Philip Watson’s superbly evocative biography, “Bill Frisell, Beautiful Dreamer: The Guitarist Who Changed The Sound Of American Music” wears its heart on its sleeve in the full title, focusing on the work and the process by which it comes into being, as well as perhaps the state induced in the listener. Sounds and dreams feature heavily in titles, in Frisell’s own recollections, but also in the way the book unfolds. The story of his life is told in a mixture of straightforward narrative and interviews, and fans will be keen to hear about this winding road to stardom, but this is frequently interspersed with the numbered “Counterpoint” chapters, where various musicians listen to Frisell’s music: like a blindfold test without the blindfold. Followed by corresponding chapters in Frisell’s life relating to each recording, they give the impression of flashbacks, looking back on each period from the present day as the biography progresses chronologically. These range from die hard devotees like Sam Amidon (“…we had a kind of Platonic ideal about what the perfect album would be. Good Dog, Happy Man was both that vision and ideal.”) to former employer Paul Simon (“…trying to hear the thing that’s just beyond what you hear”) to composer Gavin Bryars, who uses the opportunity to have an amusingly bitchy dig at composer John Adams. Bluegrass star Rhiannon Giddens confesses half way through the interview that she doesn’t know Frisell’s music at all. This could have been cut – I’m glad it wasn’t, it adds to the rough edges, the warts and all feeling.

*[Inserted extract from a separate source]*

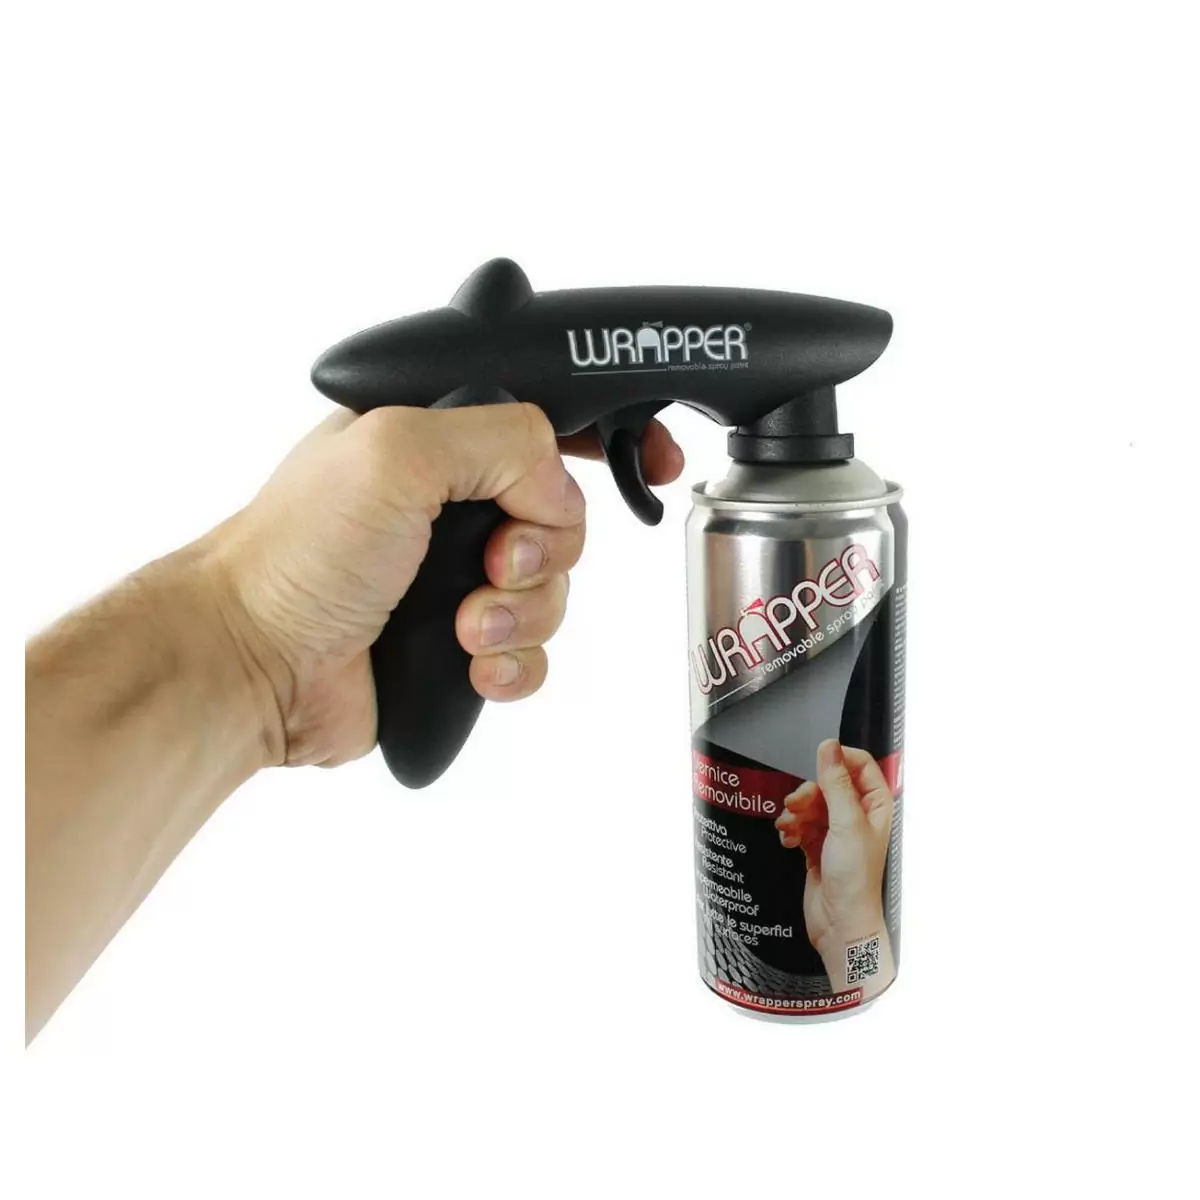 spray can tool with gun trigger for spray paint wrapper - image

Throughout the book, sequences of events may be intercut with present day reminiscences from Frisell himself, words will jump in and out as individual thoughts, interrupting the prose, cutting into the timeline like sudden snatches of sound captured and repositioned – like, in many ways, Frisell’s own use of transformed loops. This is not so much a deep dive as a prolonged soak: an inscription at the book’s opening from Rahsaan Roland Kirk talks about the need to look back to move forward, and there’s a feeling that Watson has taken this idea seriously, poetically even, allowing a kind of ebb and flow of events, thoughts and insights. This also takes its cue from Frisell’s famously hesitant vocal delivery, which is unfailingly effective whether humorous or otherwise.

One of the things I liked most was how the writing itself is never stifled by the duty to render the subject in “matter of fact” language – there’s no pedantry, date checking, number crunching. Like the music, there’s a haze around the clarity. There are many examples: my favourite describes Bill’s marriage to Carol D’Inverno, where interviews with them both are interspersed with Bill’s impression, rendered phonetically to great comic effect, of the Sherrif’s Southern accent. It captures his humour as he recounts Carol trying to repeat the words in a language she didn’t understand at the time, spoken in an accent that clearly exacerbated the problem. It’s a refreshing change of pace, but one that feels totally appropriate in this kind of storytelling with its shifts in tone and time. This is a writer who understands improvisers.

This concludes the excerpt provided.